Traditionnellement, les migrations entre les pays de la zone euro sont faibles, nettement plus faibles que les migrations à l’intérieur des Etats-Unis, ou entre les pays extérieurs à la zone euro et la zone euro. Mais, au lieu d’y avoir baisse générale du chômage dans tous les pays de la zone euro, il va y avoir maintenant divergence : des pays mal spécialisés et surendettés à taux de chômage structurellement élevés ; des pays bien spécialisés et peu endettés à taux de chômage faible. Même si les obstacles sont nombreux (langue, non portabilité des droits de Sécurité Sociale, illiquidité du marché immobilier…), il est possible que cette divergence des économies à l’intérieur de la zone euro fasse apparaître des flux migratoires beaucoup plus importants que dans le passé ; ce qui serait très stabilisant : réduction de l’écart de taux de chômage structurel entre le Nord et le Sud, compensation du vieillissement démographique dans le Nord.

Logiquement, il faudrait aujourd’hui inverser la stratégie de la plupart des grands pays

Depuis plus de 10 ans, un certain nombre de grands pays ont mené des politiques de l’offre : réduction des coûts, d’où gains de parts de marché avec l’amélioration de la compétitivité, mais faiblesse de la demande intérieure avec le freinage des salaires donc croissance tirée par les exportations (Allemagne, Japon, Chine).
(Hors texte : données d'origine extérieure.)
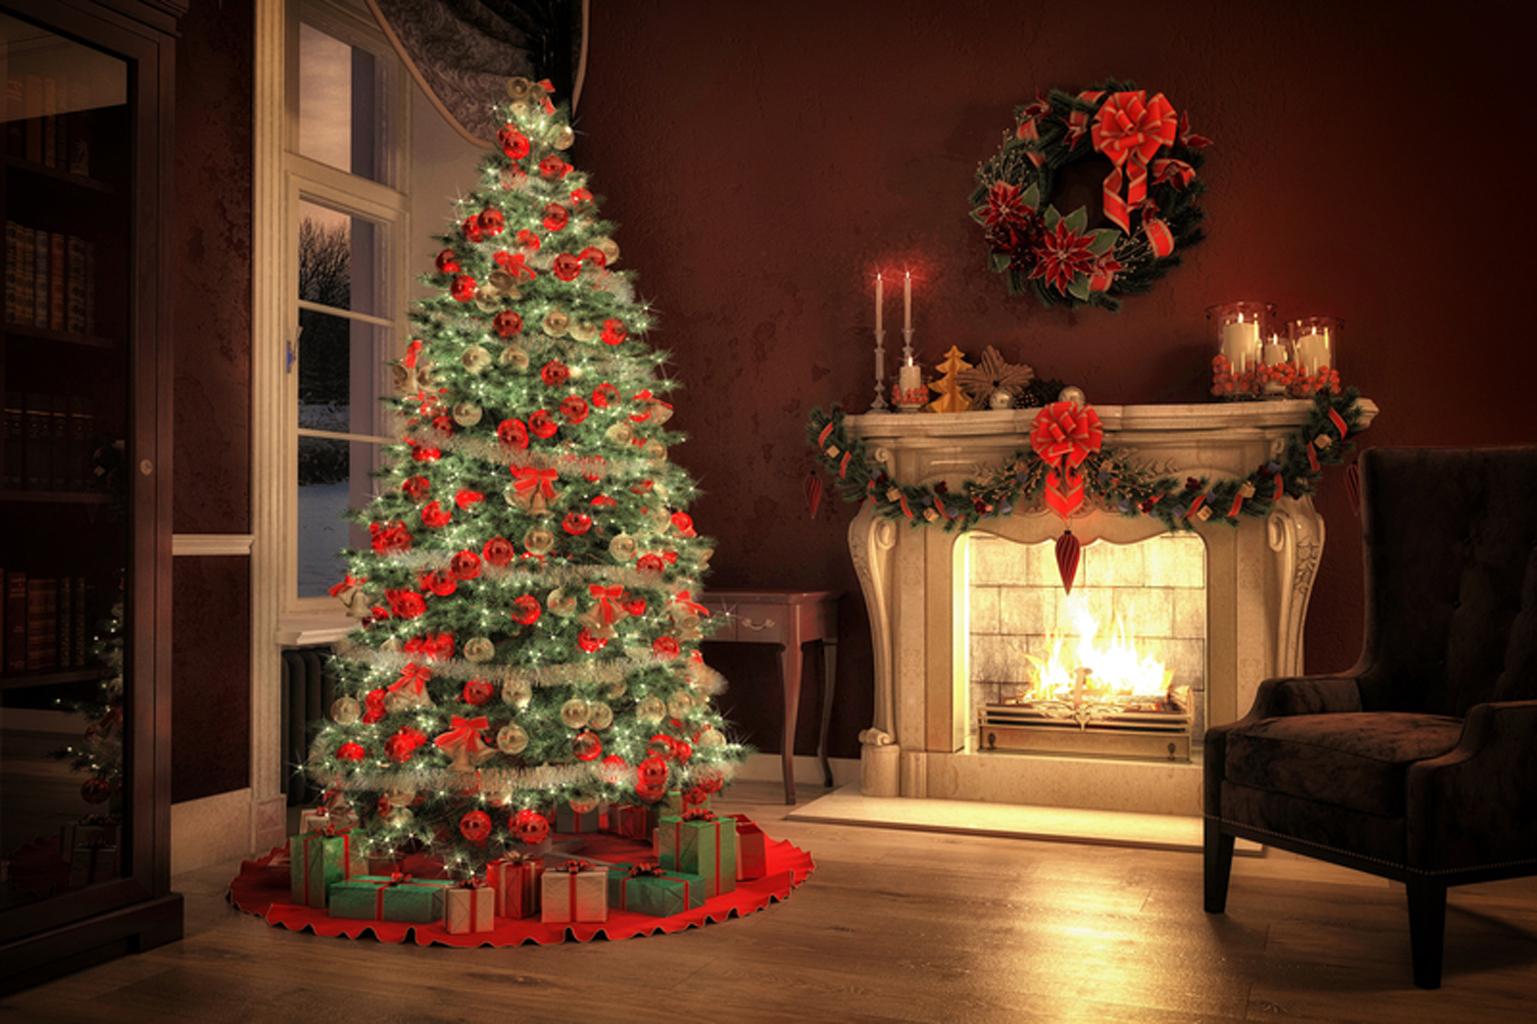 Jak Nas Męczą święta Bożego Narodzenia
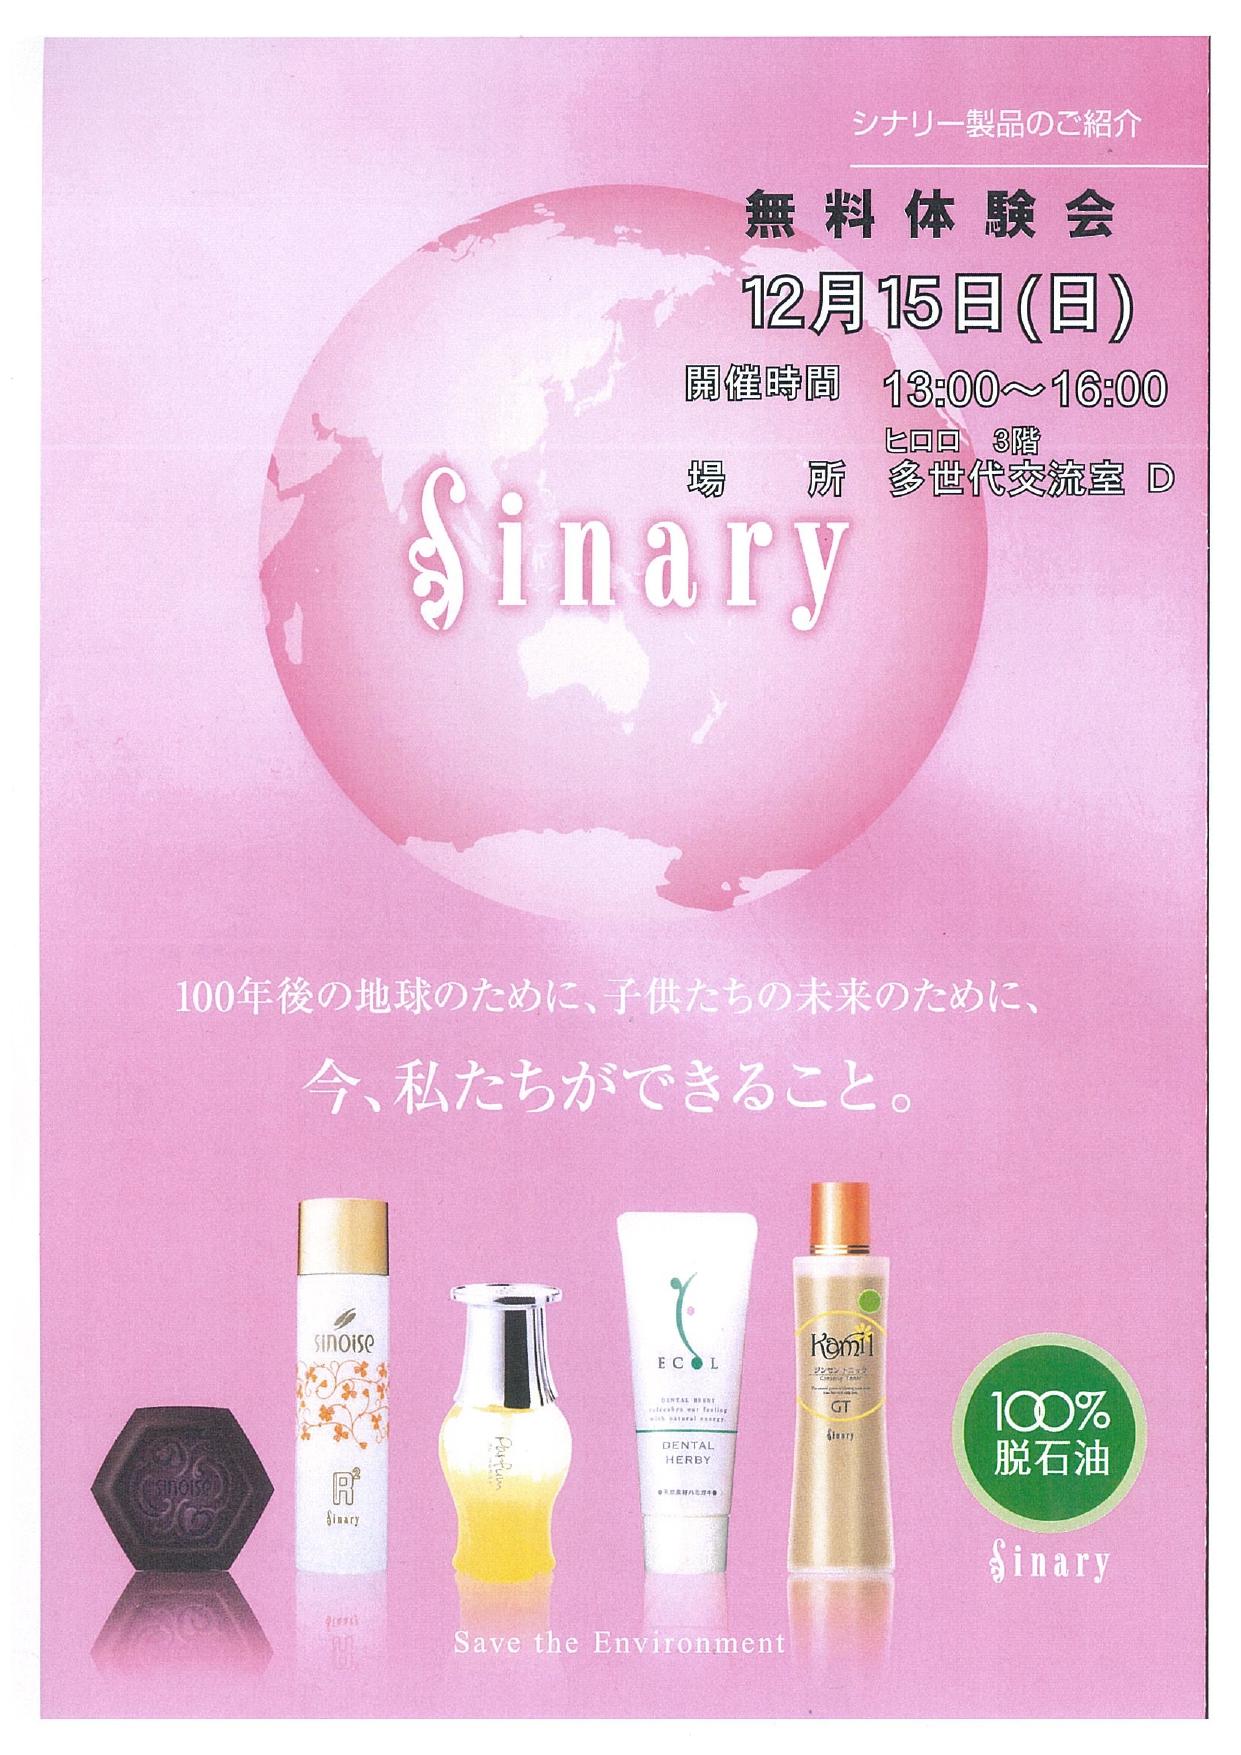 第8回シナリー化粧品体験会

 D’autres grands pays (Royaume-Uni, France, Espagne) ont au contraire mené des politiques de la demande : dans certains cas hausses assez rapides des salaires, dans tous les cas hausse de l’endettement du secteur privé, puis, avec la crise, du secteur public. Il serait optimal aujourd’hui pour l’économie mondiale qu’il y ait inversion complète de la stratégie de ces deux groupes de pays. Que les premiers, où les entreprises sont très profitables et où la compétitivité est forte, passent, ce qu’ils peuvent absolument se permettre, au soutien de la demande avec des hausses plus rapides des salaires. Que les seconds, où le soutien de la demande n’est plus (ou ne sera bientôt plus) possible, et qui ont connu désindustrialisation, pertes de parts de marché, passent à des politiques de soutien de l’offre. C’est déjà le cas au Royaume-Uni avec la politique économique du gouvernement conservateur, en Espagne avec le recul des coûts salariaux, pas en France ; en Allemagne et en Chine, avec les hausses de salaires plus rapides, pas au Japon. Les Etats-Unis sont dans une situation particulière, où, les politiques de l’offre (déformation du partage des revenus au détriment des salariés) ont contraint à mettre en place des politiques de soutien de la demande (crédit puis déficits publics). Il serait favorable aux Etats-Unis d’arrêter à la fois les politiques de soutien de l’offre. L’inversion nécessaire de l’orientation de la politique économique ne se produit donc ni en France, ni au Japon, ni aux Etats-Unis.